DATA SHOWN
[Start of Attachment]
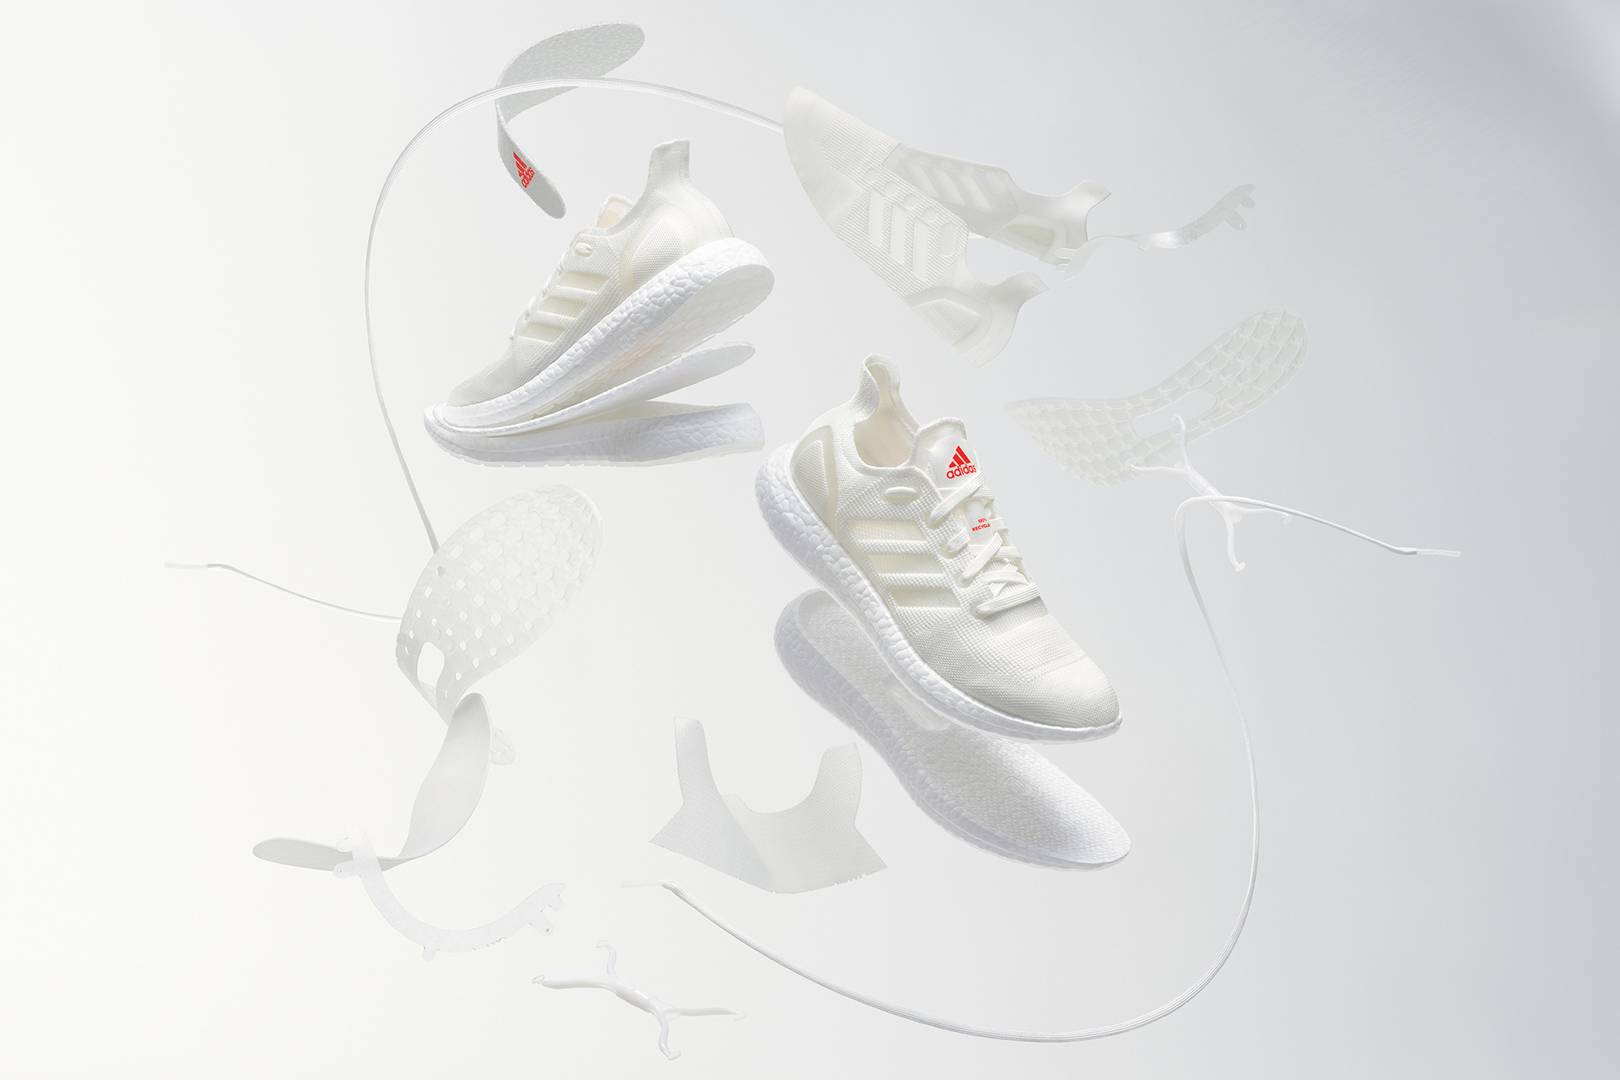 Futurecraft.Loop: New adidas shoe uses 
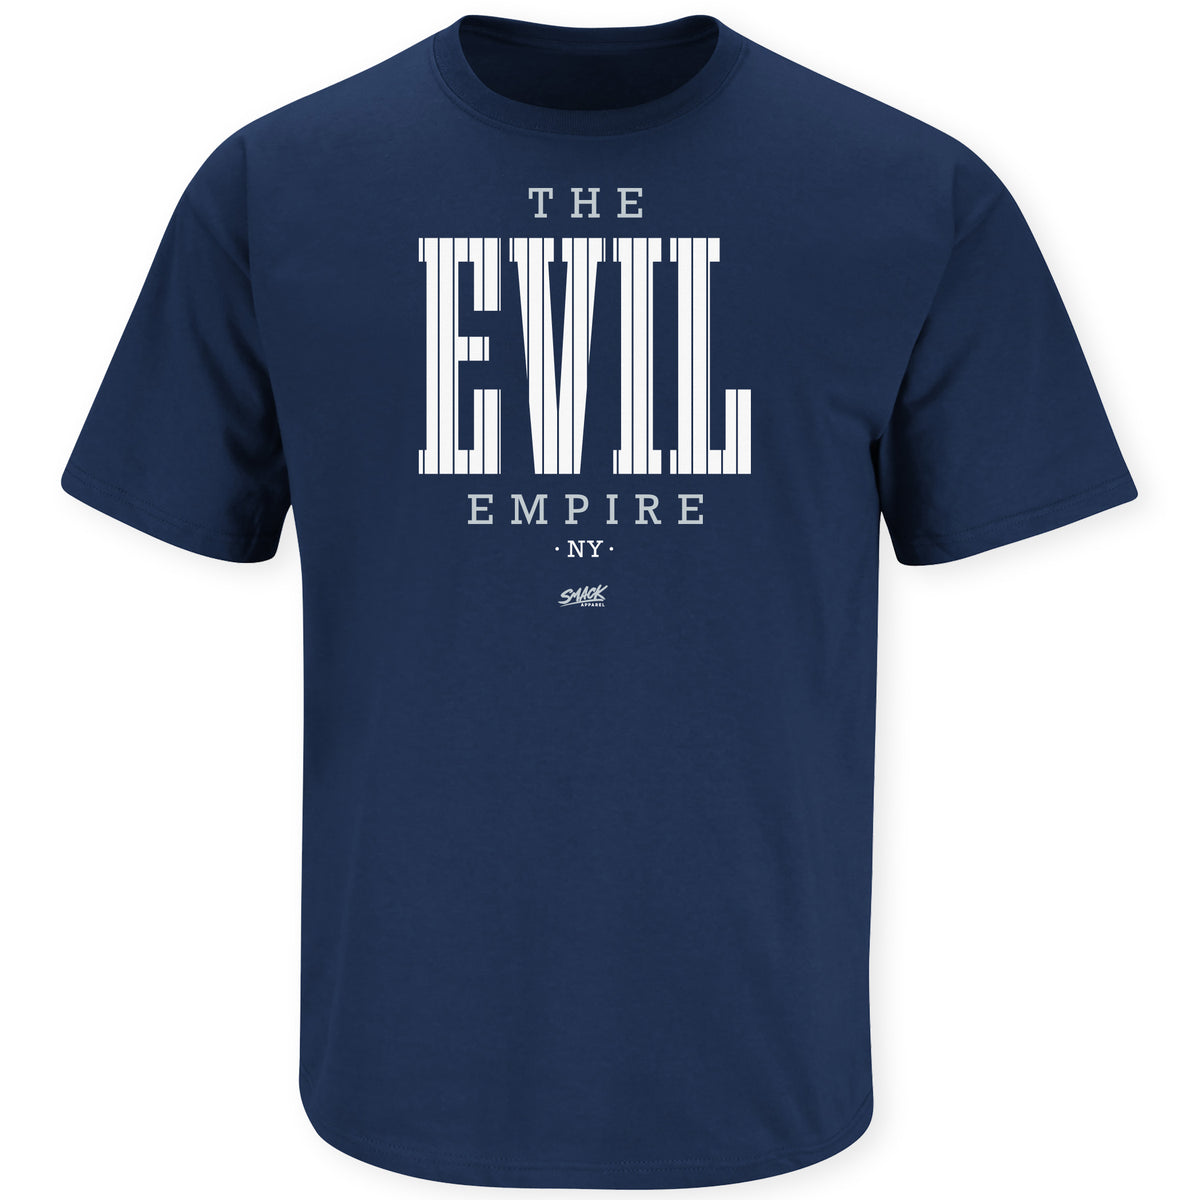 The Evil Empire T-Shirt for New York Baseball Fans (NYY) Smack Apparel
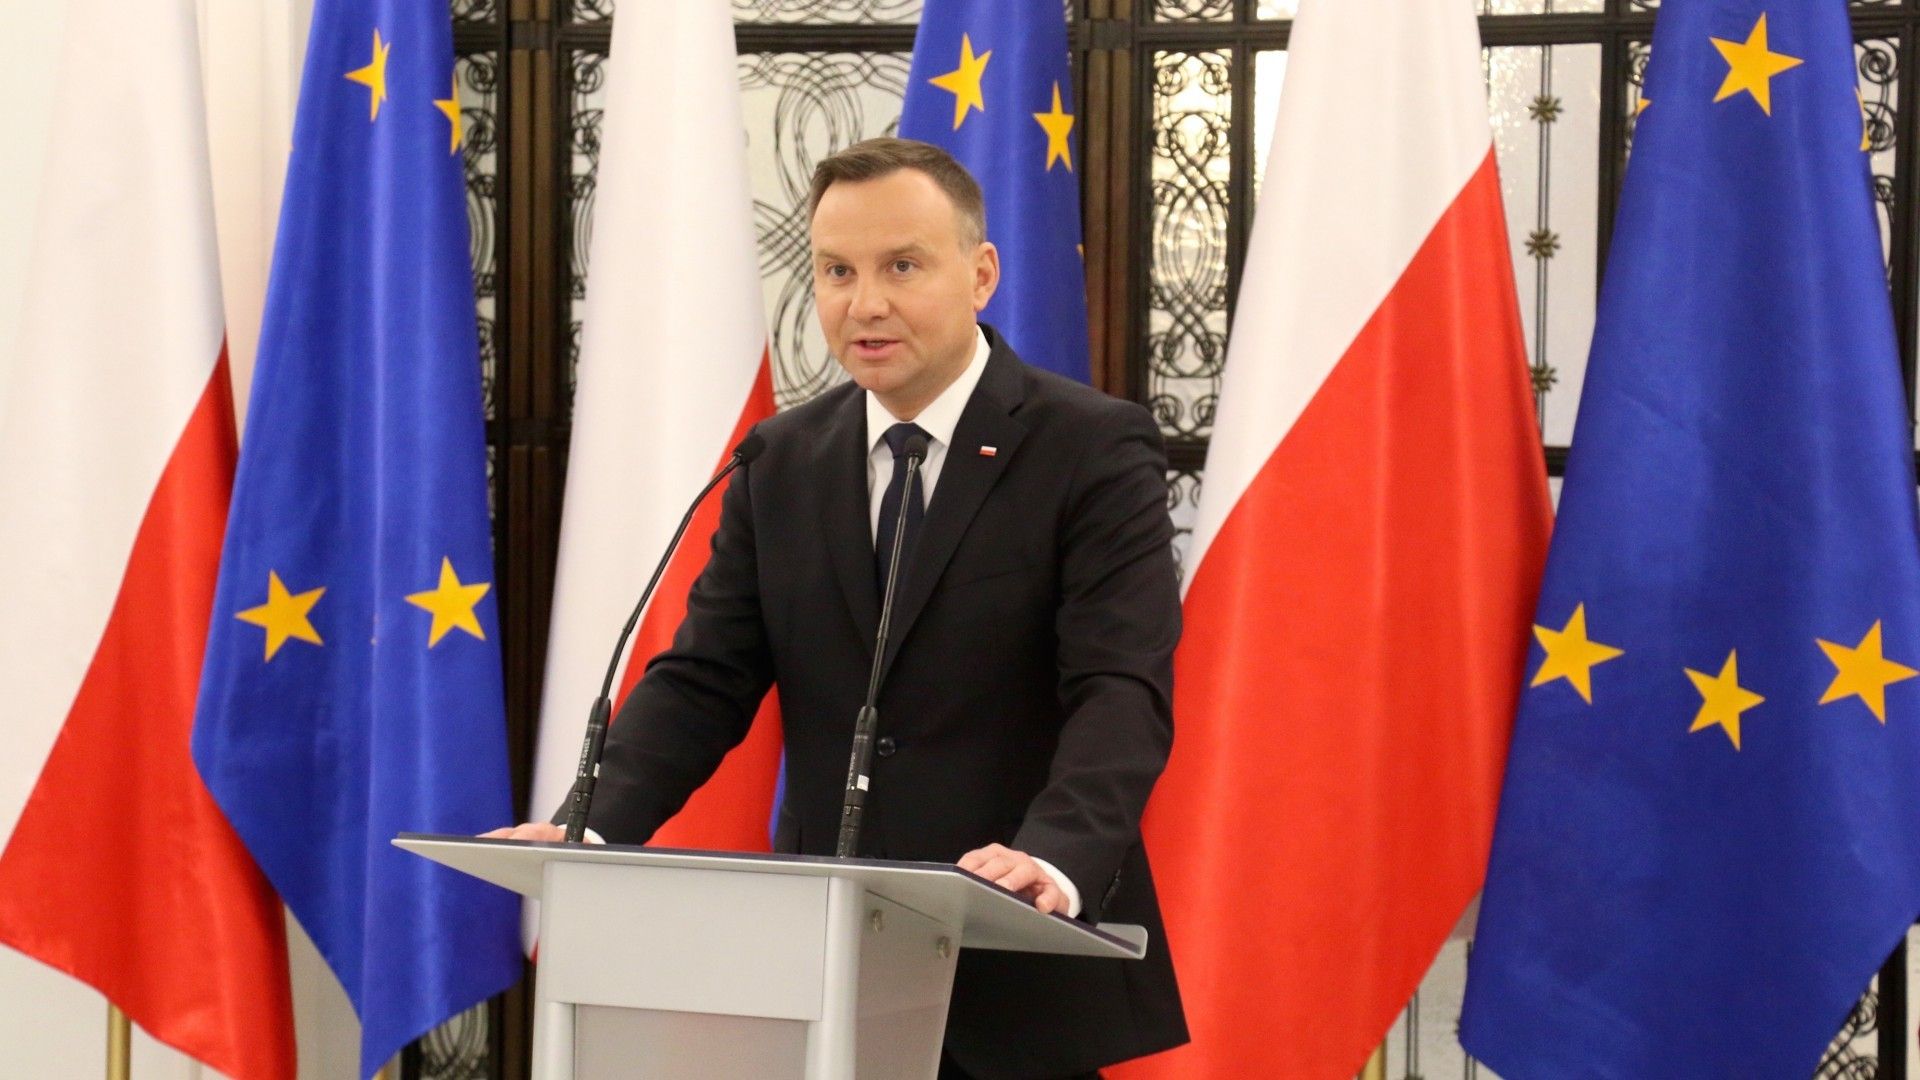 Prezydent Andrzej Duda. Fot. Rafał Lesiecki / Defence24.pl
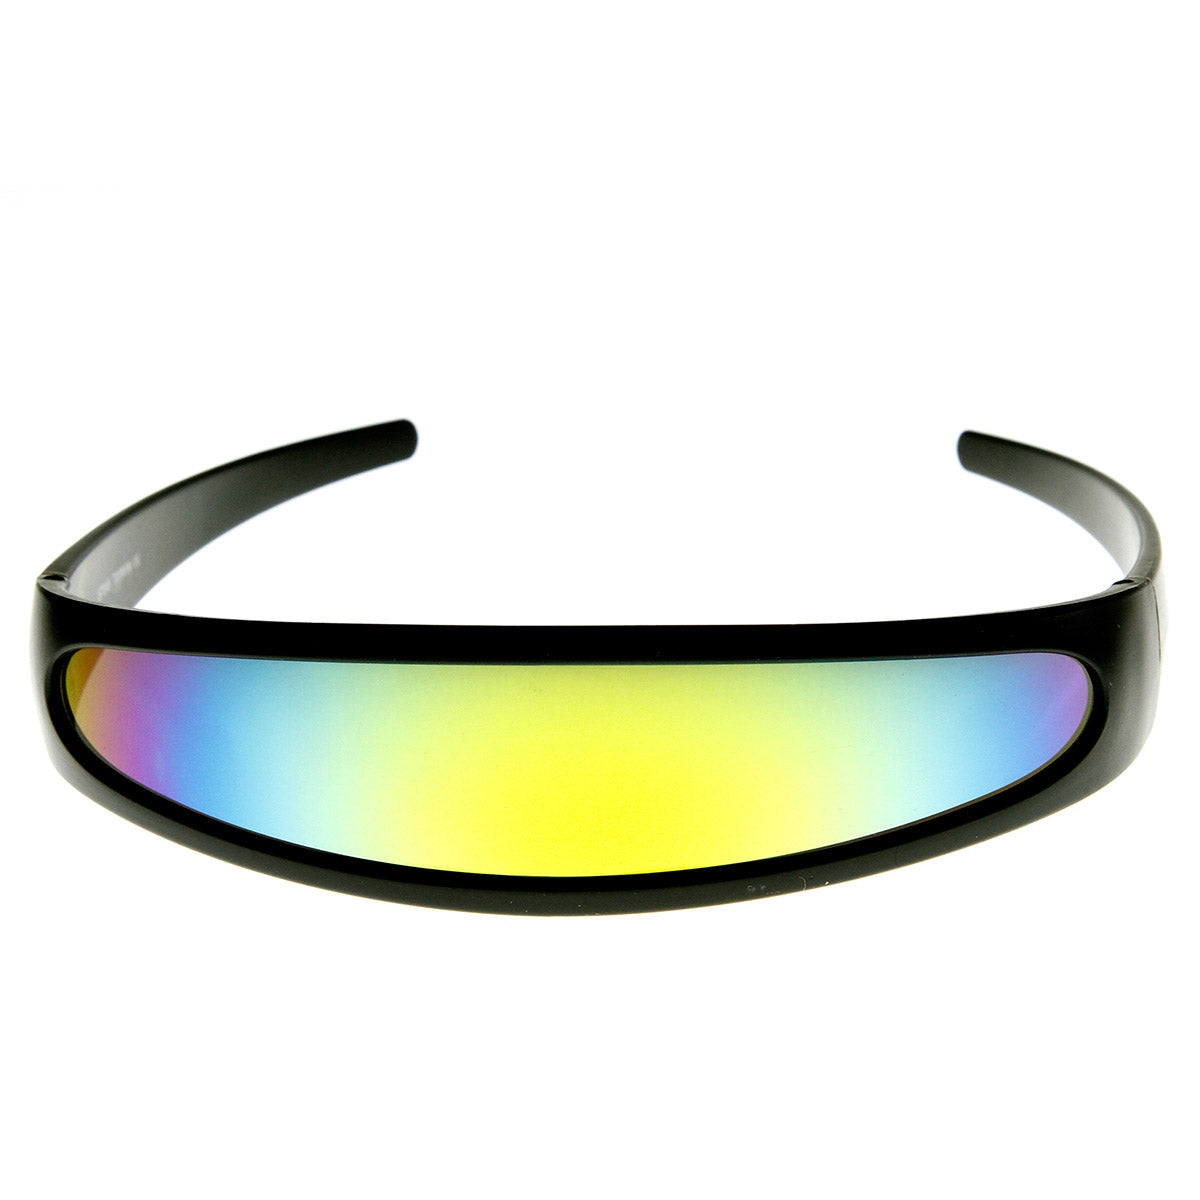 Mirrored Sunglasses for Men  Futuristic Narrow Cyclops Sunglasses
[End of Attachment]
YOUR GOAL
The material above is to be set down exactly, with pictures removed.

RESPONSE FOR THIS EXERCISE
 Futurecraft.Loop: New adidas shoe uses 
 The Evil Empire T-Shirt for New York Baseball Fans (NYY) Smack Apparel
 Prezydent Andrzej Duda. Fot. Rafał Lesiecki / Defence24.pl
 Mirrored Sunglasses for Men  Futuristic Narrow Cyclops Sunglasses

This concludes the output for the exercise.